The art of writing a concise and to-the-point resume is a talent that many of us haven’t mastered yet. Many a time, our key achievements are lost in long essays and in many cases, our recruiters are least impressed.
Here is where the usability of artificial intelligence comes into play. As a tool which can analyse through scores of content on the web and making valuable suggestions accordingly, more online platforms are now looking at AI for building the perfect resume.
In this article, we take a look at how AI is making this possible with the help of these powerful tools:
Resume Assistant: There are a number of AI-powered online resume makers and big names such as Microsoft and LinkedIn has partnered to release their own exclusive tools in 2018. LinkedIn’s AI-powered Resume Assistant was added to Microsoft’s Office 365 suite and uses the network’s professional pool to shape your resume.
By leveraging their millions of data, the new tool will go through millions of data to look for similar roles or aspirational roles to make a suggestion to you regarding your resume.
Further, the tool will help its users to take guidance from professional freelance resume experts through its other tool, Profinder, thus helping its users with interview techniques, career coaching, and resume writing.
“With over 15 million job applications being submitted on LinkedIn every week, finding the right way to represent your unique experience is important. By regularly updating your resume, you’ll already be one step ahead when the time comes to find your next role,” LinkedIn wrote on a blog.
Mosaic.ai: Is an AI career agent which can help its users plan your career and review the best skill and team culture matched opportunities. It also helps potential job seekers build resumes, discover the keywords, concepts, and topics you may have overlooked that you need in your resume to get interviews.
Its AI-powered solutions will help a person’s resume to have more visibility by matching the best job based on your skill and company. This is achieved with the help of NLP, which goes through certain keywords and suggest you the best job options based on the keyword identification, by doing so the company claims that it saves a person’s time by not having to go through several resumes.

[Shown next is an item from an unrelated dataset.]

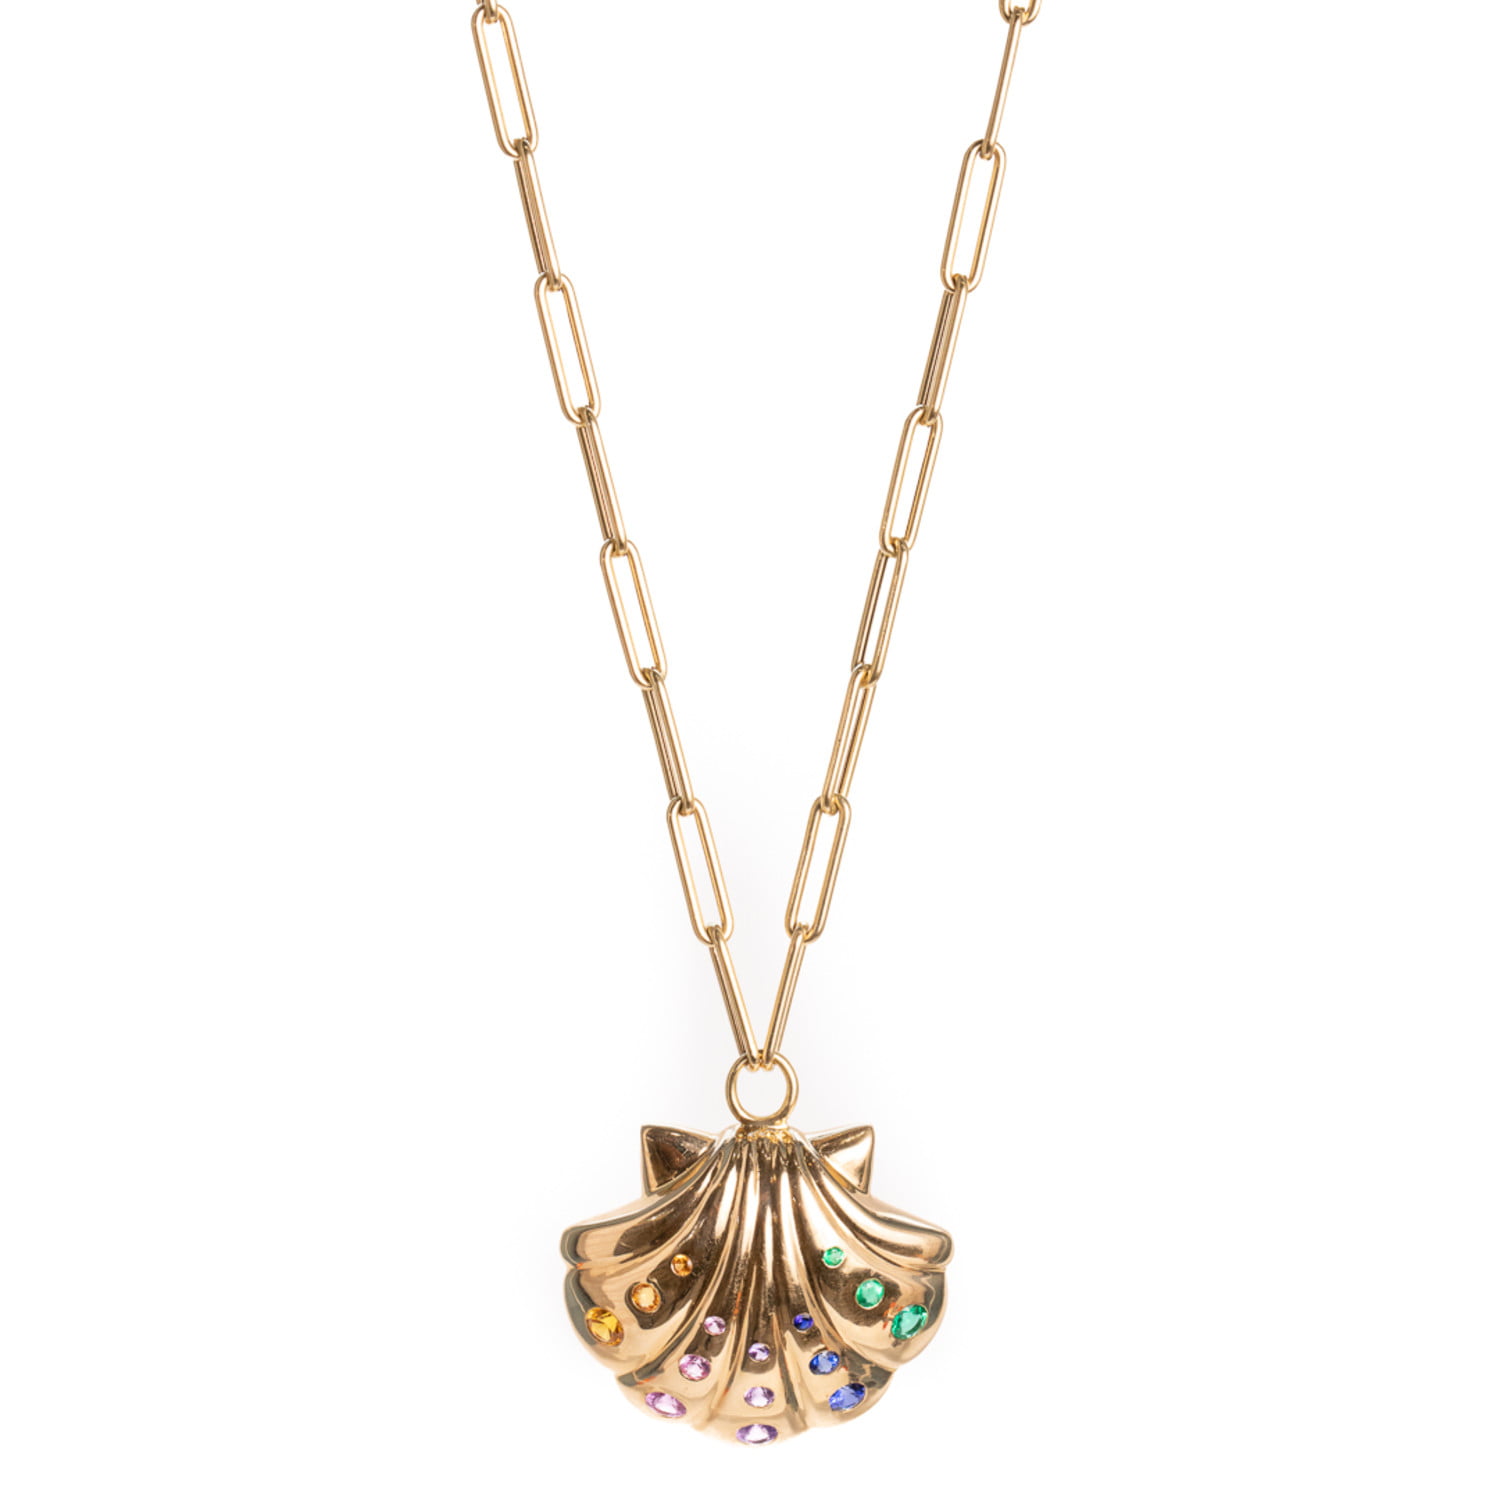 BRENT NEALE SMALL MARIANNE NECKLACE - Capitol
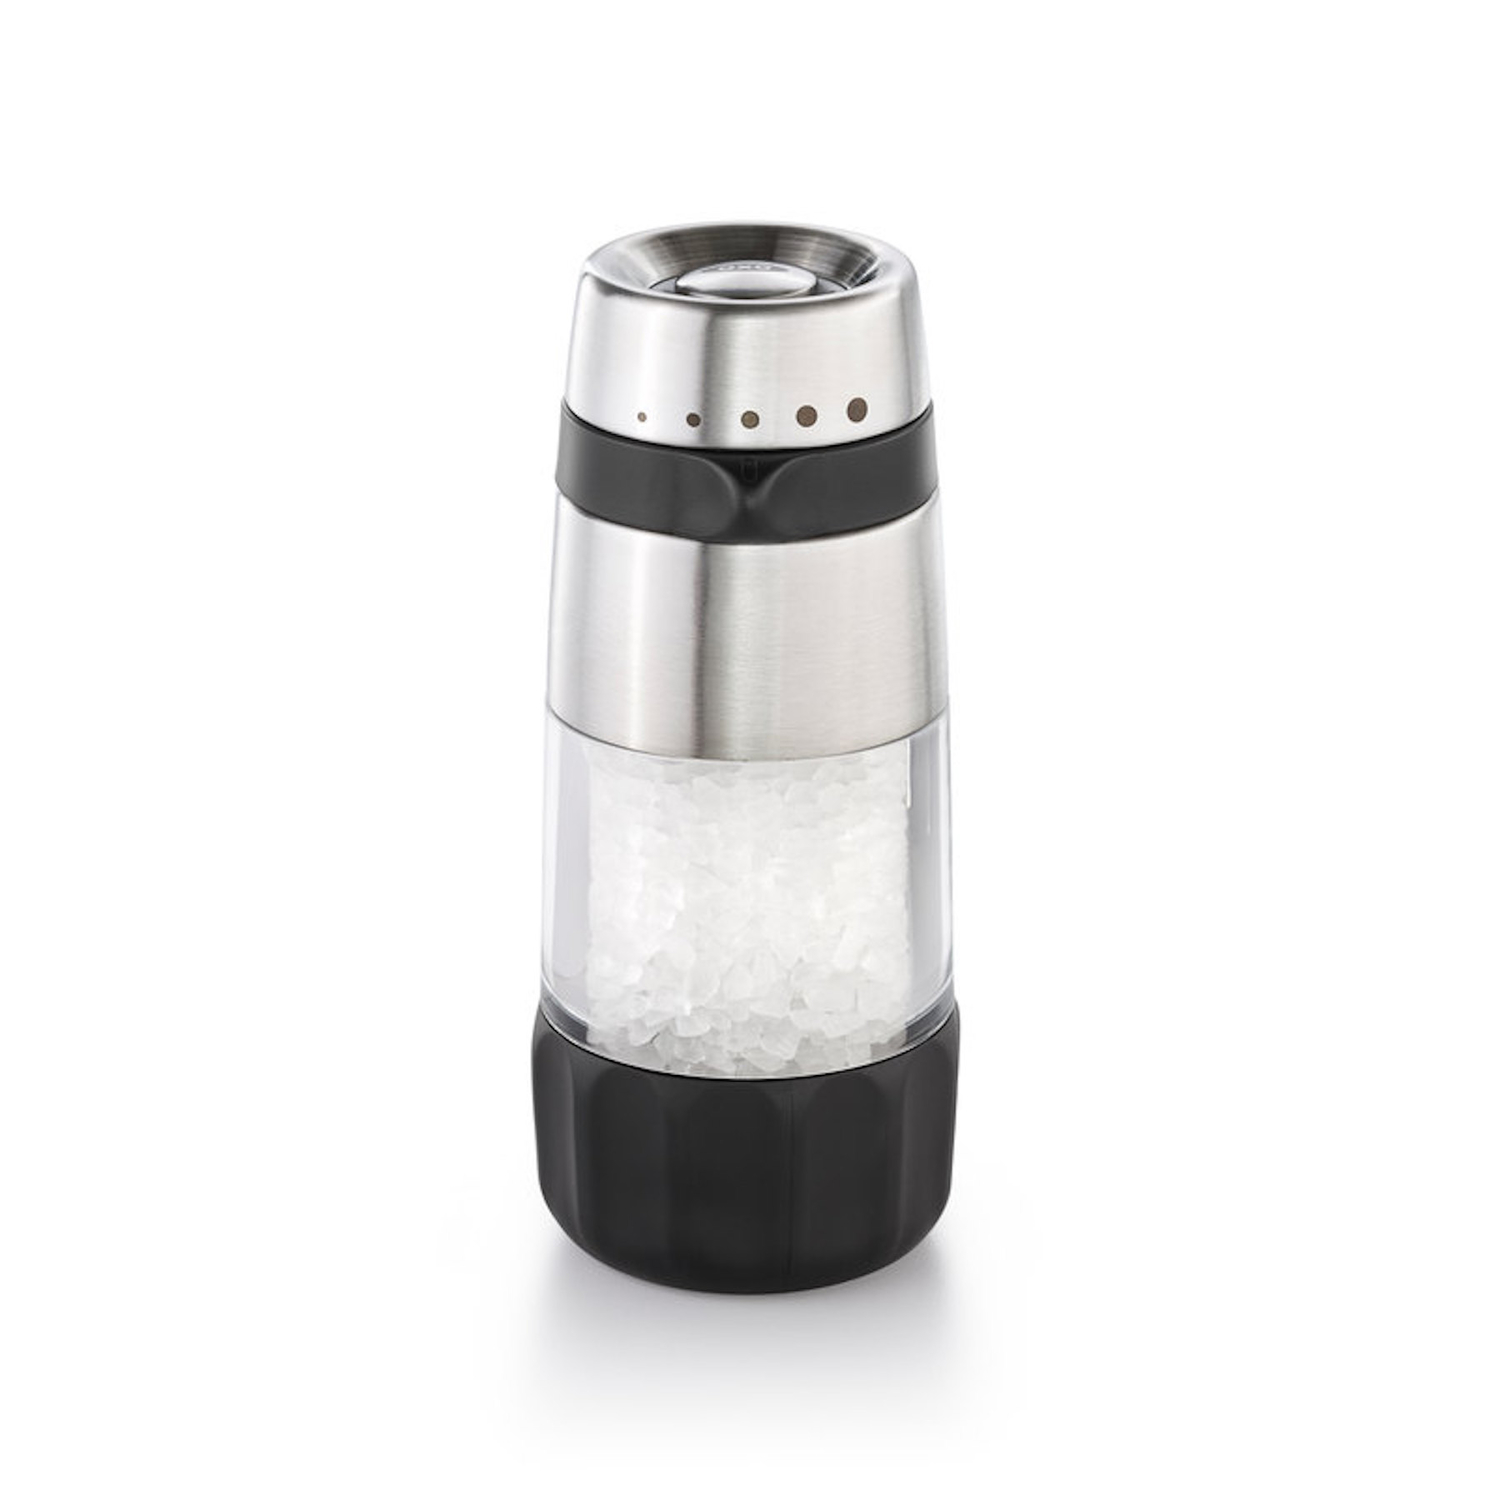 Photos - Other Accessories Oxo Good Grips Black Plastic/Stainless Steel Salt Grinder 4.76 oz 1140600

The platform also uses culture match, where the agent creates an AI model which will help you identify the best-suited job for you and the jobs where you have a better chance of clearing an interview. In addition, there will soon be made available through platforms like Slack, Facebook, Google, Alexa, and other messaging services so that the users can ask questions.
Skillroads: Lets its users have a quick interview with its AI-programme and get all high priority skills defined and offers you professionally written and formatted results through its resume building process under 30 minutes.
It’s AI algorithms analyse background, get all your high priority skills defined, and, as a result. The AI builder works by entering people’s preferred jobs, then by taking their questionnaire about the users’ experience, the system would identify their strength and skills that are best suited for its users.
Apart from common features like AI resume generator, smart resume review and cover letter generator, what is unique to Skill Road is that it lets its users about job openings in Fortune 500 companies, identify the position that is suitable for you among these vacancies and polish your resume according to these positions.
Textkernel: The platform is powered by the latest developments in AI, Deep Learning, Semantic Search and Machine Learning. Apart from providing recruitment and staffing agencies, through its multilingual CV parsing, it eliminates manual data entry and allows candidates to apply via any device and enables better search results.
At the core of the platform, fundamental to its technology is resume and vacancy parsing models which are capable of extracting the most important from unstructured text.
“In our new generation of resume and vacancy parsing product, the traditional statistical parsing models are replaced with Deep Learning neural network models. The new models have achieved remarkable improvements over different languages, brought better generalisation to new data and new domains, and reduced the need for manual feature engineering,” the company wrote in a blog post.